Effective January 13, 2011, the Company acquired the underlying real estate interest in 12 assisted living communities that the Company previously leased for an aggregate purchase price of $31.3 million, which was paid from cash on hand.  The results of operations of the previously leased communities are included in the condensed consolidated financial statements from the effective date of the lease agreement and are reported in the Assisted Living segment.

Effective February 1, 2011, the Company acquired the underlying real estate interest in one assisted living community that the Company previously leased for an aggregate purchase price of $9.8 million, which was paid from cash on hand.  The results of operations of the previously leased community are included in the condensed consolidated financial statements from the effective date of the lease agreement and are reported in the Assisted Living segment.

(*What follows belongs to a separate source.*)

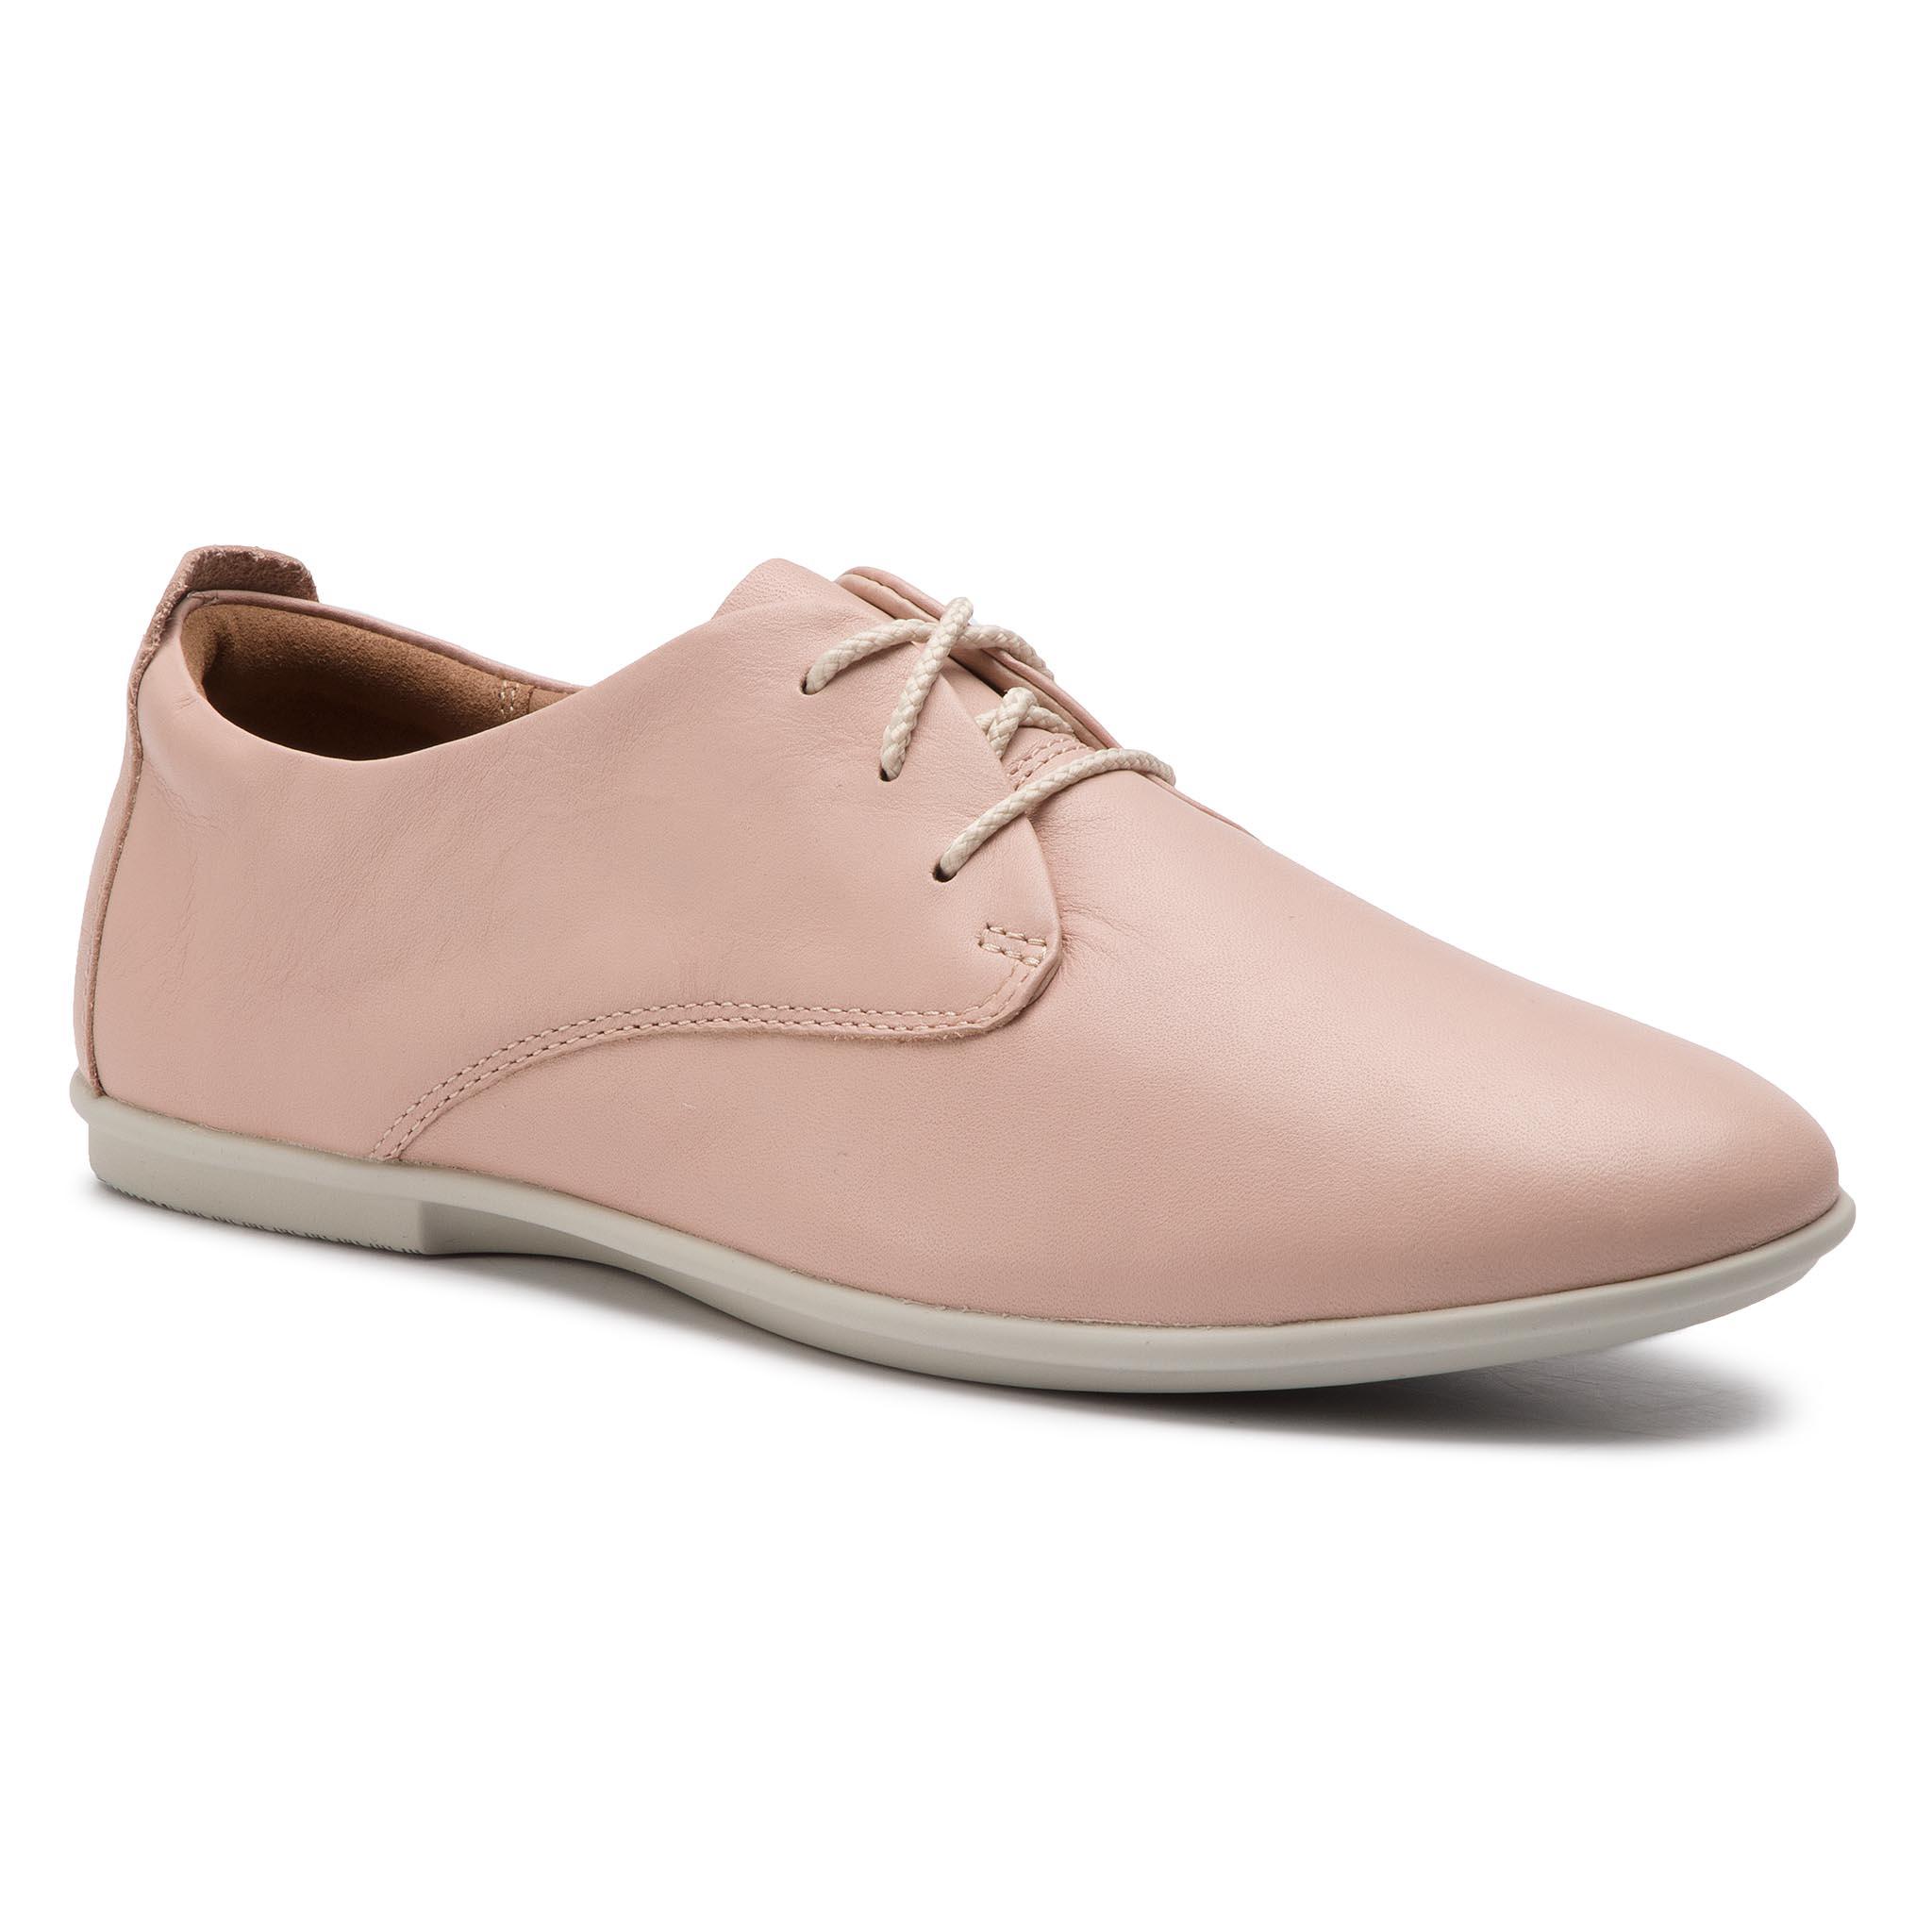 ae5c1c602b Oxford cipők CLARKS - Un Coral Lace 261403604 Blush Leather - Glami.hu

Effective February 1, 2011, the Company acquired one assisted living community for an aggregate purchase price of $9.2 million, which was paid from cash on hand.  The results of operations of the acquired community is included in the condensed consolidated financial statement from the effective date of the acquisition and are reported in the Assisted Living segment.

During the six months ended June 30, 2011, the Company purchased three home health agencies for an aggregate purchase price of approximately $4.2 million.  The entire purchase price of the acquisitions has been ascribed to an indefinite useful life intangible asset and recorded on the condensed consolidated balance sheet under other intangible assets, net.
 
During the six months ended June 30, 2011, the Company sold three communities for an aggregate selling price of $29.0 million.  The results of operations of the communities were previously reported in the Retirement Centers and Assisted Living segments.

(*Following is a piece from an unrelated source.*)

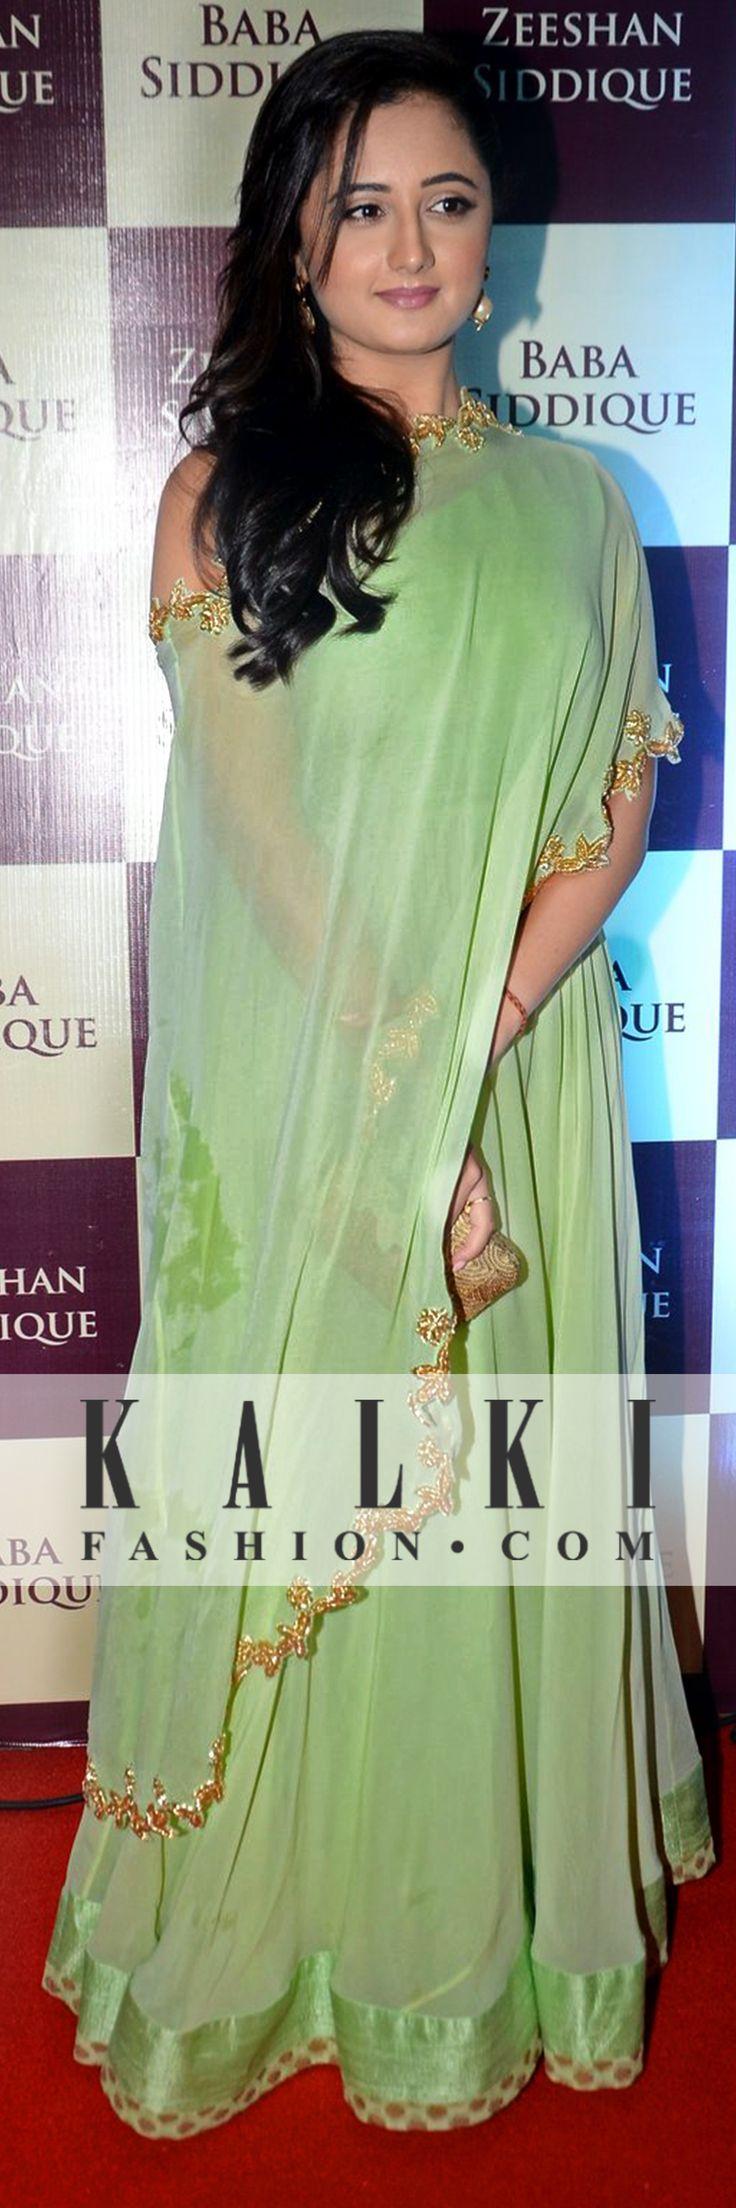 Dressed in a light green drop shoulder floor length dress with golden work, Rashmi was seen dazzling in style

Horizon Bay/HCP Transactions

On May 31, 2011, the Company entered into a definitive agreement to acquire 100% of the equity interests in Horizon Bay Realty, L.L.C. ("Horizon Bay"),the ninth largest operator of senior living communities in the United States.
 
In connection with the transaction, the Company has entered into definitive agreements to restructure Horizon Bay's existing relationship with HCP, Inc. (“HCP”) relating to 33 communities that Horizon Bay currently leases from HCP. In particular, the Company will (i) form a joint venture with HCP to own and operate 21 communities, and (ii) lease the remaining 12 communities from HCP. The joint venture with HCP will utilize a RIDEA structure with the Company acquiring a 10% interest. The Company will manage the communities under a ten-year management agreement with four five-year renewal options and will retain all ancillary services operations.  The Company will lease 12 communities from HCP subject to long term, triple net leases.  In addition, Horizon Bay leases an additional community from HCP pursuant to a triple net lease and subleases that community to a third-party operator.
 
Horizon Bay provides management services to the remaining 57 Horizon Bay communities.  Horizon Bay's primary third party management relationships are with Chartwell Seniors Housing Real Estate Investment Trust ("Chartwell") (45 communities) and AEW Capital Management (three communities).  As part of the transactions, the Company expects to simplify and restructure Horizon Bay's existing management relationships with Chartwell.
 
The consummation of each of the transactions is subject to the satisfaction of certain closing conditions and contingencies, including the receipt of various third-party and regulatory approvals and consents.  The transactions are expected to close on September 1, 2011 although there can be no assurance that the transactions will close or, if they do, when the actual closing will occur.